From an oscillator point of view, peak phases of the ENSO oscillation (i.e. El Niño and La Niña events) are most likely followed by a transition towards the opposite phase, except in a few cases when these events (in particular La Niña) can endure for a second year30. In contrast, after neutral start years, there is less predictive skill as the system could evolve towards either El Niño or La Niña, or indeed remain neutral. In order to compare transition probabilities based on different initial conditions in our perfect-model experiment, we investigate the average transition probabilities over all forecasting members of the El Niño, La Niña and neutral starting points respectively during different forecasting times; namely 1, 2–3 and 4–6 years (Table S2). This analysis confirms that El Niño start years are mostly followed by neutral or La Niña years in the first year after initialisation; while La Niña start years are more likely followed by neutral or El Niño years. The simulations have an increased probability to transition into the opposite phase during forecast year 2 or 3 after initialisation compared to transitioning into the initial phase. In particular, simulations started in El Niño conditions have a probability to transition into La Niña at some point during forecast year 2 or 3 of 32%, whereas only 19% transition back to El Niño, and simulations started in La Niña conditions have a probability of 37% to transition into El Niño during forecast year 2 or 3, but only 22% probability to transition back into La Niña. During forecast years 4, 5 or 6 there is a slightly increased probability for the simulations to transition back into the initial state (i.e. after El Niño to El Niño and after La Niña to La Niña) than into the opposite phase. In contrast, for the neutral start years, the probability of transition to El Niño is comparable to La Niña for the 2–3 year and 4–6 year forecast periods. Inconsistent variations (i.e. of opposite sign) across ensemble members following different neutral initial states tend to cancel one another out, so that average anomalies after neutral conditions are relatively small (Figs. 3 and S6).
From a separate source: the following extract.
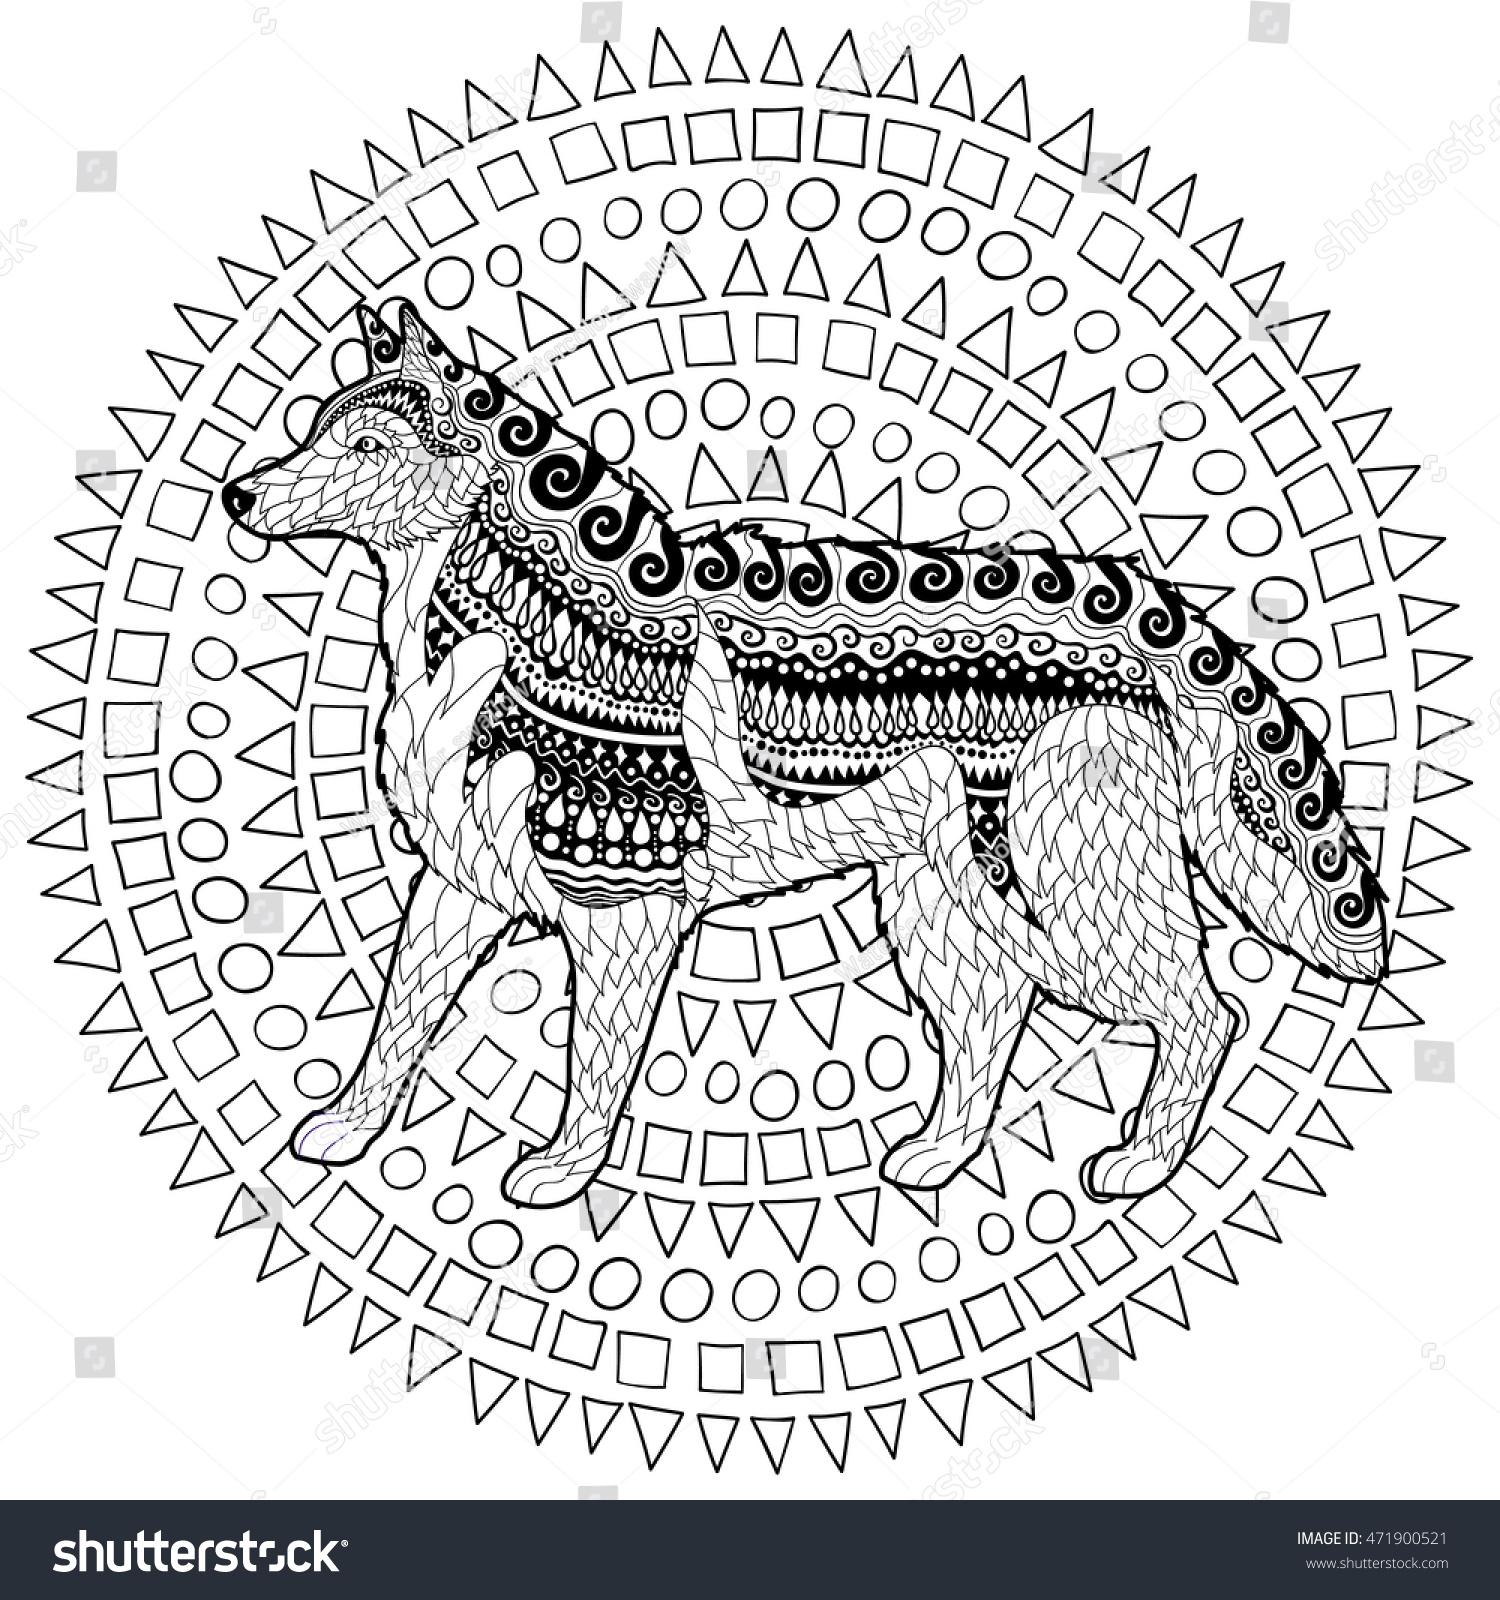 Royalty Free Stock Illustration of Siberian Husky High Details Adult ...

The interannual phase variations of ENSO are driven by the recharge and discharge of heat along the tropical Pacific Ocean over a dominant 3-6 year time scale31. Capturing the ENSO phase in the initial state appears to be the primary agent for improved multi-year predictability, with the reliability of these predictions dependent on the representation of the dominant time scales of ENSO variability (e.g. the power spectral analysis of Fig. S6). In the context of this study, when initialising from either El Niño or La Niña phases, the non-equilibrium component between the zonal mean equatorial thermocline depth and wind stress of the recharge-discharge oscillator is included in the initialisation. Initialising from neutral states, however, does not guarantee the inclusion of the imbalance between the subsurface ocean temperature and atmospheric winds, as the SST, sea level pressure, sea surface height and surface wind anomalies are very weak. Indeed, we found the difference in prediction skill between ENSO peak phases and neutral states to be more pronounced for persistent neutral states (i.e. those not exceeding the El Niño or La Niña threshold in any single month during NDJ) than for the classical neutral states (i.e. those not identified as El Niño or La Niña). That is, without any (even brief) excursion to El Niño or La Niña states, as in the persistent neutral states, there may be less non-equilibrium information embedded in the initialisation. This finding suggests that, in addition to the simulated ENSO cycle, stronger initial SST anomalies in the tropical Pacific may lead to enhanced skill. This is plausible when a stronger non-equilibrium component of the recharge-discharge oscillator is related to a lower error growth rate and a better-defined attractor evolution, compared to situations with smaller SST anomalies and related non-equilibrium components.

Windows of opportunity in real-world predictions

Both the model and the observational data indicate a peak in the spectral intensity of Niño3.4 SST at around 3–6 years (Fig. S6). This indicates similar ENSO periodicity in the model and real-world, consistent also with previous evaluations that showed realistic ENSO characteristics of the model version used here32,33, and suggests that we may also achieve enhanced skill following ENSO events in real-world predictions. In fact, the real-world hindcasts also show enhanced skill for predictions starting from El Niño and La Niña compared to neutral conditions for the forecast periods 2–3 and 4–6 years, in particular in the Pacific Ocean (Fig. 4 for predictions started in El Niño and La Niña conditions, and Supplementary Fig. S8 for predictions started in neutral conditions), while some negative MSSS differences are found in other regions outside the Pacific. Despite the generally lower skill compared to the perfect-model predictions, there is positive MSSS in the central Pacific in forecast years 2–3 after El Niño events, whereas skill in this region is negative after neutral initial conditions—pointing to a window of opportunity also in real-world predictions. As the enhanced multi-annual skill after El Niño and La Niña conditions is spatially more limited to the Pacific, also the global area fraction with positive skill differences is substantially smaller compared to the perfect-model predictions (Supplementary Fig S9).

Fig. 4: Skill dependence on initial El Niño-Southern Oscillation (ENSO) status in decadal hindcasts of the real-world climate.
figure 4

The mean squared skill score (MSSS) of the near-surface temperature for the real-world hindcasts provided by the Community Earth System Model decadal prediction large ensemble (CESM-DPLE) simulations5 initialised in El Niño (EN; ac), La Niña (LN; df), and the skill difference between the different groups: El Niño – neutral (gi) and La Niña – neutral (jl). Rows correspond to forecast year 1 (a, d, g, j), the average of forecast years 2–3 (b, e, h, k), and the average of forecast years 4–6 (c, f, i, l). The plus sign stippling indicates grid cells where the skill score or skill differences are significant at the false discovery rate (FDR) being 0.2 (when adjusting for the false discovery rate, see Methods for details). The square symbols indicate grid cells where the skill score or skill differences are significant at the 90% level (outside the 5%–95% confidence interval based on local individual testing with 1000 bootstrap realisations). HardCRUT4-median is used as the observation ref. 59.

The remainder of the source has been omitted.